Closed simontindemans closed 5 months ago
As an aside, should _compute_oob_predictions(self, X, y)
not also take a sample_weights
argument? It seems to me that the OOB score should be weighted according to the sample weights.
Yup, I think you might be right, thanks for the report.
Ideally we would generate the oob samples at the same place where we're generating the bagging samples (i.e. in _parallel_build_trees
) to avoid reproducing the bug in the future. But that might take up a lot of memory... I guess we'll have to sample n_estimators
int seed for that.
Would you like to try and provide a fix @simontindemans ?
Thanks for checking. At a glance, I think there are three possible approaches to fix this:
_indices
for each tree.
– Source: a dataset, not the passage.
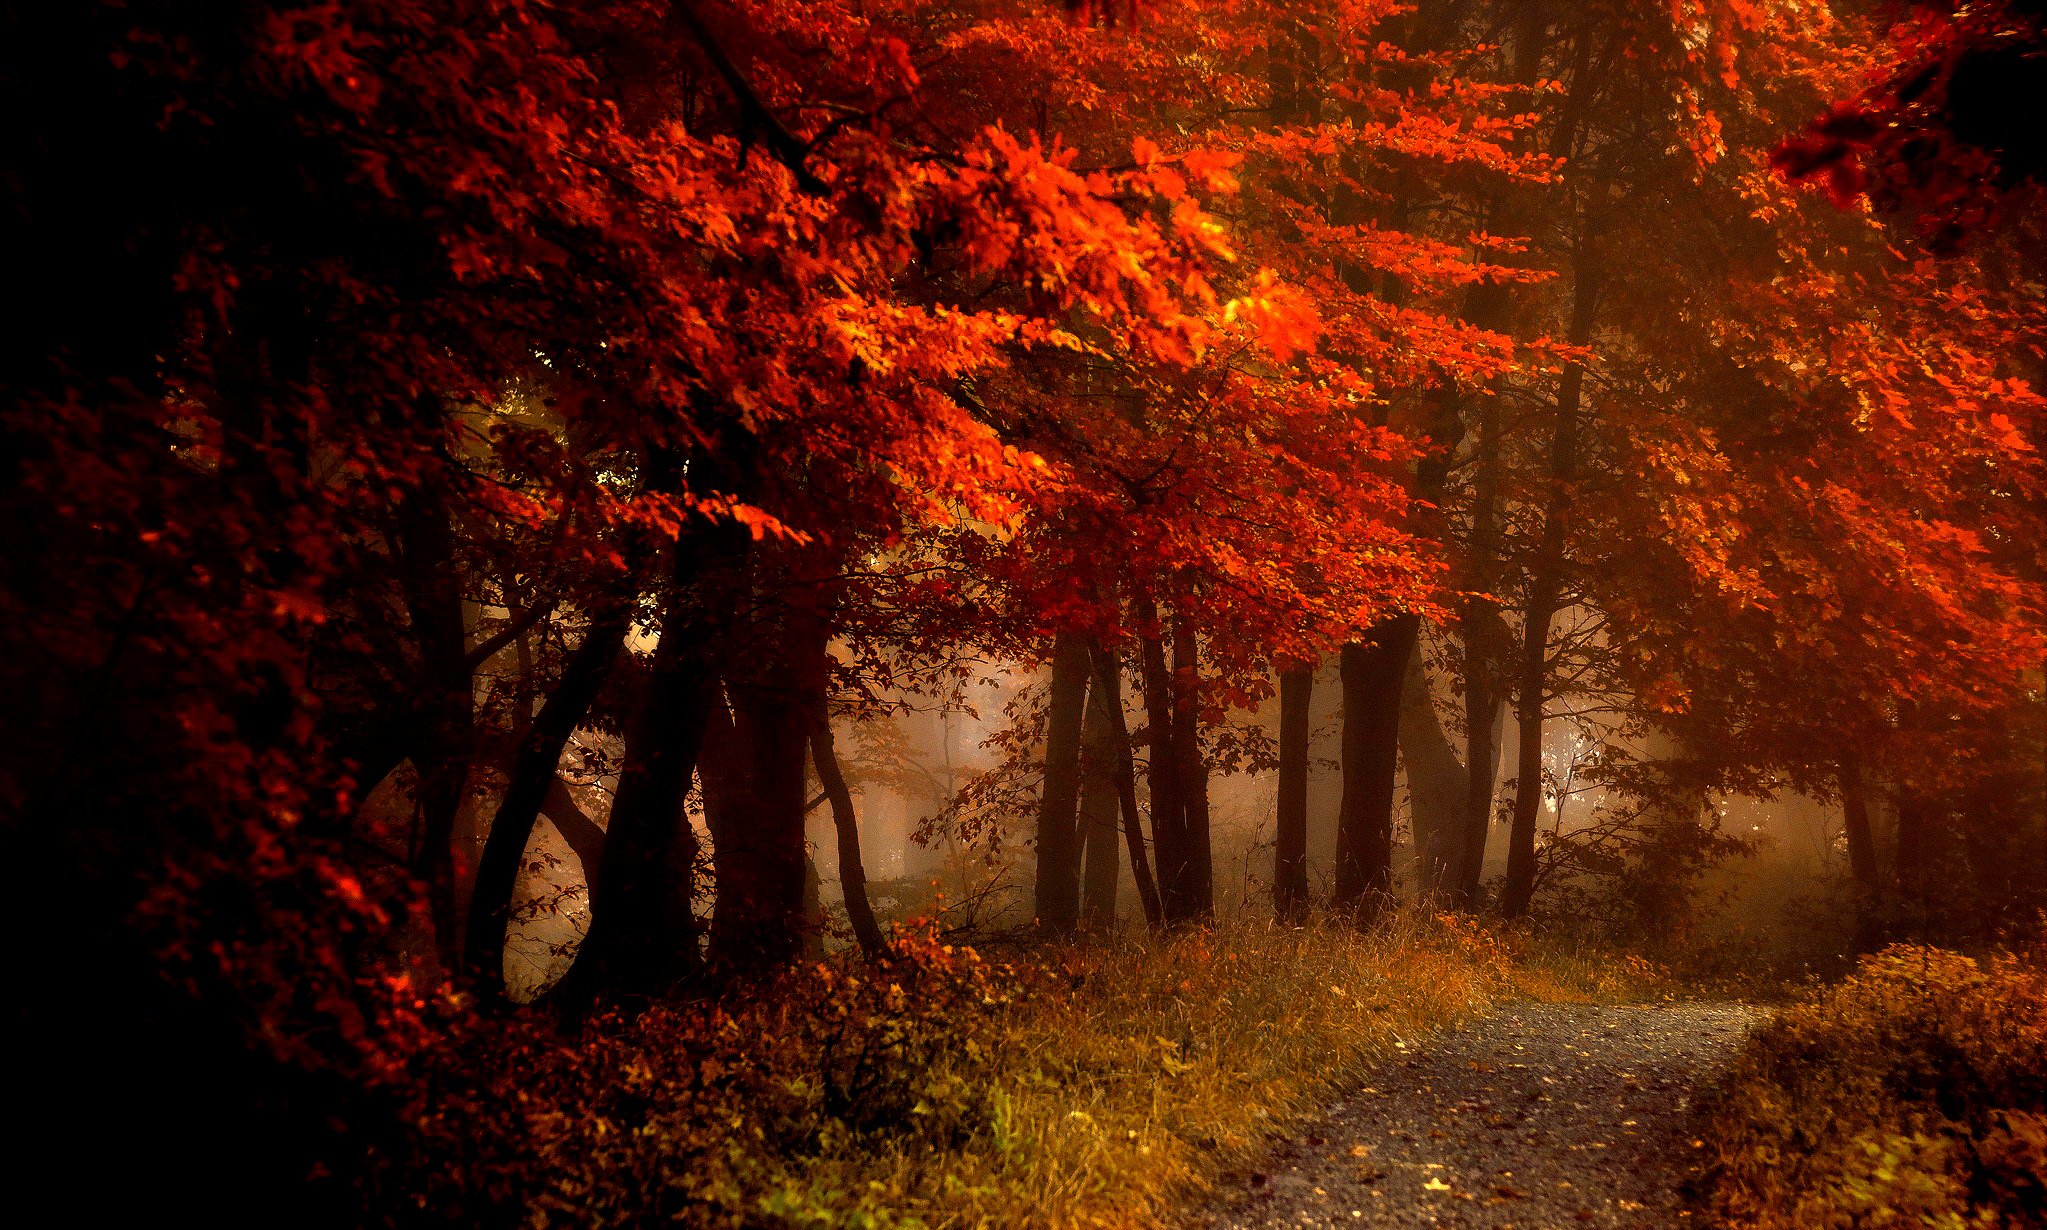 Fall Splendor Autumn Leaves Bench Nature Forest Path Autumn Splendor Woods Road

Simple and bomb-proof, but at the cost of memory.random_state.get_state()
before sampling the indices and store the state for each tree. Then, before regenerating the indices, create a new RandomState object and initialise it with set_state(old_state)
. That does still use the 'legacy' NumPy random number generation, but is the least intrusive way to fix this._parallel_build_trees
. However, in order to avoid storing the outputs for all trees, it would be best to accumulate all results in-place. That requires a little more care with joblib, but it can be done using a lock and the same pattern as in _accumulate_prediction
(already used for predict
). This approach has the side-benefit of parallelising the OOB score calculation (it is currently sequential). One concern about this approach is the interaction with the 'warm start' feature. It will require storing the accumulated predictions for all samples for the eventuality of a warm-start, and it will be necessary to reject OOB scores on a warm start if they were not calculated previously (or only compute them for the added trees, which can lead to dangerous bugs).It is also possible to hybridise options 2 and 3, storing the state and using a parallel accumulation in place of the current function. I don't have time this week, but might find the time to look into this in the weekend, if no-one else picks it up.
I'd go with 2 but instead of storing the state, just store an int seed (for each tree), it's cheaper and that's what we do in the other places of the code:
https://github.com/scikit-learn/scikit-learn/blob/42e90e9ba28fb37c2c9bd3e8aed1ac2387f1d5d5/sklearn/ensemble/_hist_gradient_boosting/gradient_boosting.py#L216-L221
Basically create a private _seeds_for_subsampling
list with length n_estimators
, which would be created at the first fit
call and extended at each subsequent calls with warm_start
.
Then use those seeds when creating the in-bag and out-of-bag samples. This doesn't change anything to parallelization I believe
Ok, that makes sense and should be straightforward to implement. I will do this in the coming week and submit a pull request.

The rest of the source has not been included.